Teachers doing drugs (and other things) with students, students discussing physical mutilation with teachers, religious riots in the auditorium—did any of this happen at your high school? If you are less than five years out of high school, expect middle-aged patrons of The Faculty Room to look at you as if your generation is responsible for the degenerate behavior portrayed and discussed onstage at Woolly Mammoth’s latest show.
The first sound of The Faculty Room is perfectly chosen; the banging of lockers in an echoey hall takes one back to high school as nothing else can. Unfortunately, the next two hours are so unbelievable, so entirely unlike high school, that that first bloom of verisimilitude is utterly shattered. Author Bridget Carpenter seems to have taken every scary incident to occur in a high school in the last 25 years and lumped them all together in one school, often to the point of ridiculousness. A teacher collecting three .45s at “morning checkpoint” might make sense in South Central, but not in a high school that, we are constantly reminded, is in the middle of nowhere.
Carpenter utterly ignores the realities of restrictions on teachers, acting as if a teacher having a public affair or taking E with a student would be ignored or condoned in a modern school. We are left with an obtuse message about the validity of the rapture, and perhaps an hysteria about education in America.
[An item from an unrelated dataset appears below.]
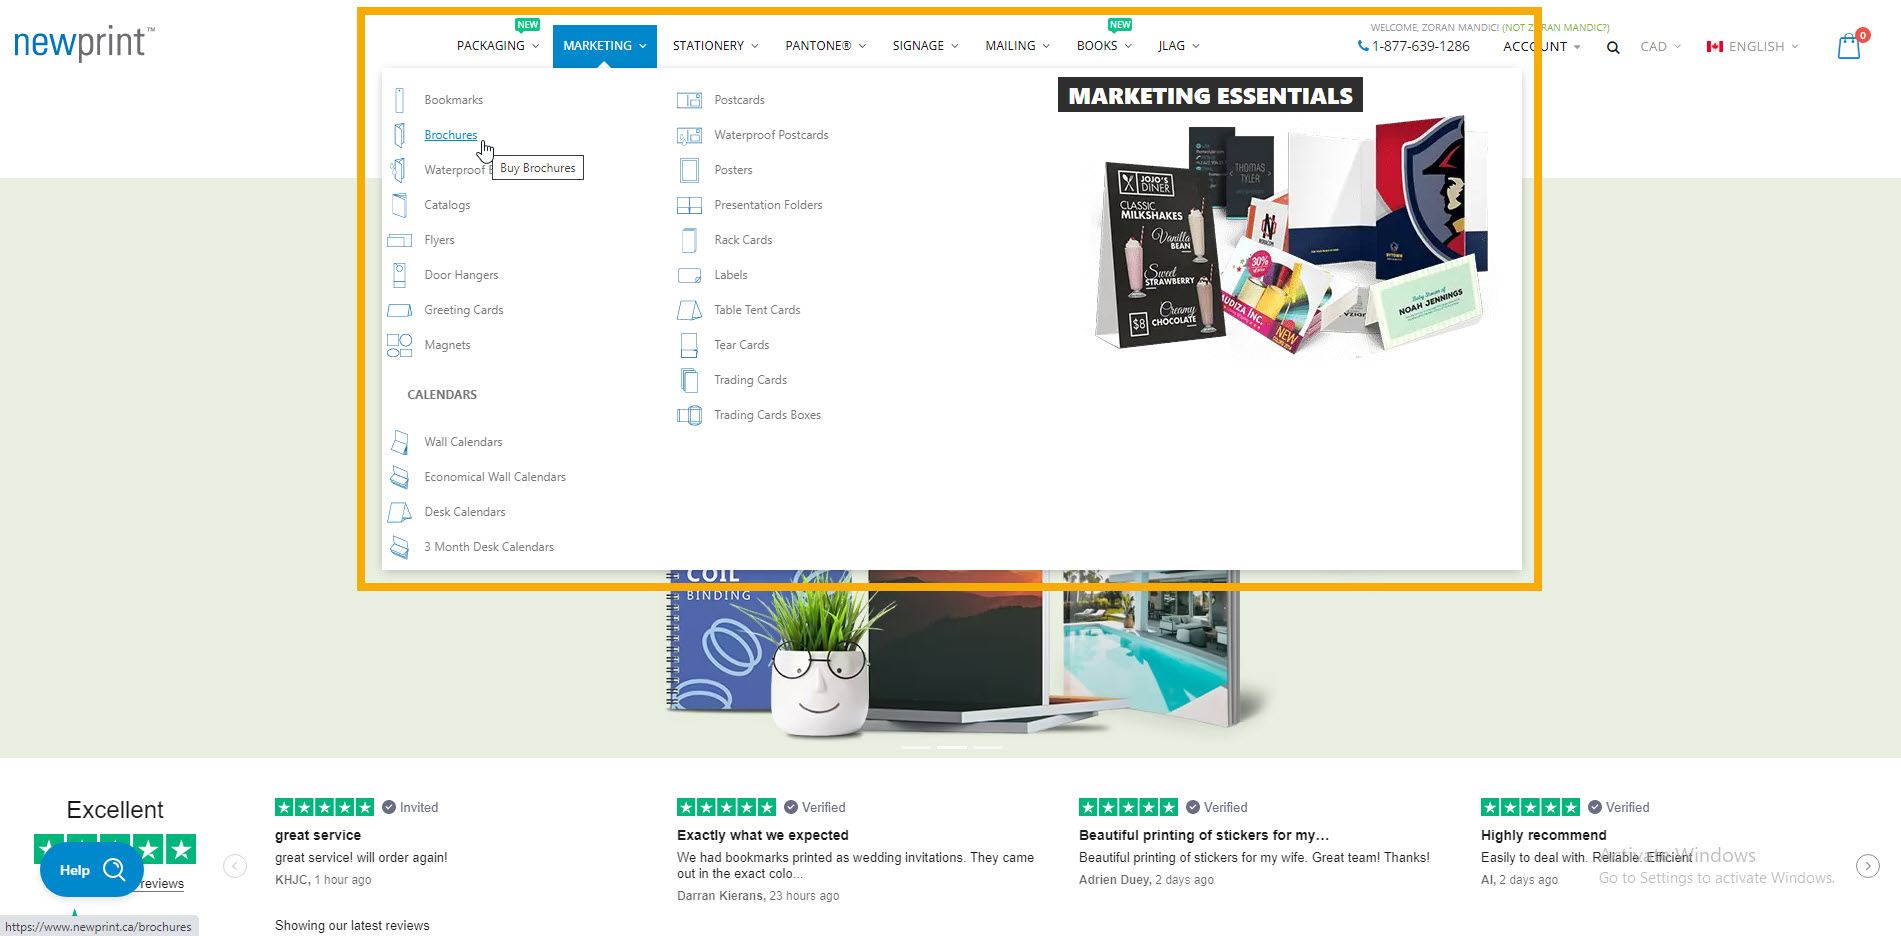 A screen shot of the main menu on Newprint's website showing where to choose a product in order to download a print template.

The absurdity of the script is only embellished by the performances, which are uniformly subpar. Ethan T. Bowen, as English teacher Adam Younger, gives an excellent performance when his character is supposed to be drunk, stoned, or on E. Unfortunately, he still seems drunk when his consciousness is supposedly unaltered. This is all augmented by a walk blatantly lifted from Groucho Marx.
Megan Anderson, who plays Theater and Speech teacher Zoe, has at once the least believably written character and the most irritating acting style. Each painfully exaggerated word is accompanied by a gesture, reminding one of a cheerleader in a high school musical. Michael Russotto, as Carver Durand, a World History teacher with a past, at first appears to be the rock of normalcy—but no, he is as manic as the rest. If we were somehow informed that each of the protagonists had ingested a large number of illegal substances prior to each entrance, these characterizations might make sense, but no such assurance is made.
Woolly Mammoth’s usual excellence characterizes the design team, whose attention to detail is refreshing and funny. Robin Stapley’s unbearably and appropriately cluttered set piles the detritus of a high school year, with a plush mascot costume stacked next to old trophies and a diagram of the brain. The myriad bulletin boards are overflowing with memos and signs, including a giant homemade warning that screams “No X-Actos!” Melanie Clark’s costume design only falters when it comes to Zoe’s costumes, which are at once too expensive-looking and too strangely gothic to belong to a teacher—even a theater teacher. Props, by Jennifer Sheetz, assert themselves in small and sparkling ways: Zoe lights her first cigarette with a hot pink lighter; two sock puppets have different faces.
Woolly Mammoth rarely presents such less-than-sterling work. Perhaps their fatal error was choosing a subject that neither playwright, director, nor actors understood. High school is hardly a hotbed of tabloid iniquity waiting to be laid bare, but Carpenter et al have used it as the backdrop to and cause of some of the most repulsive and absurd events imaginable.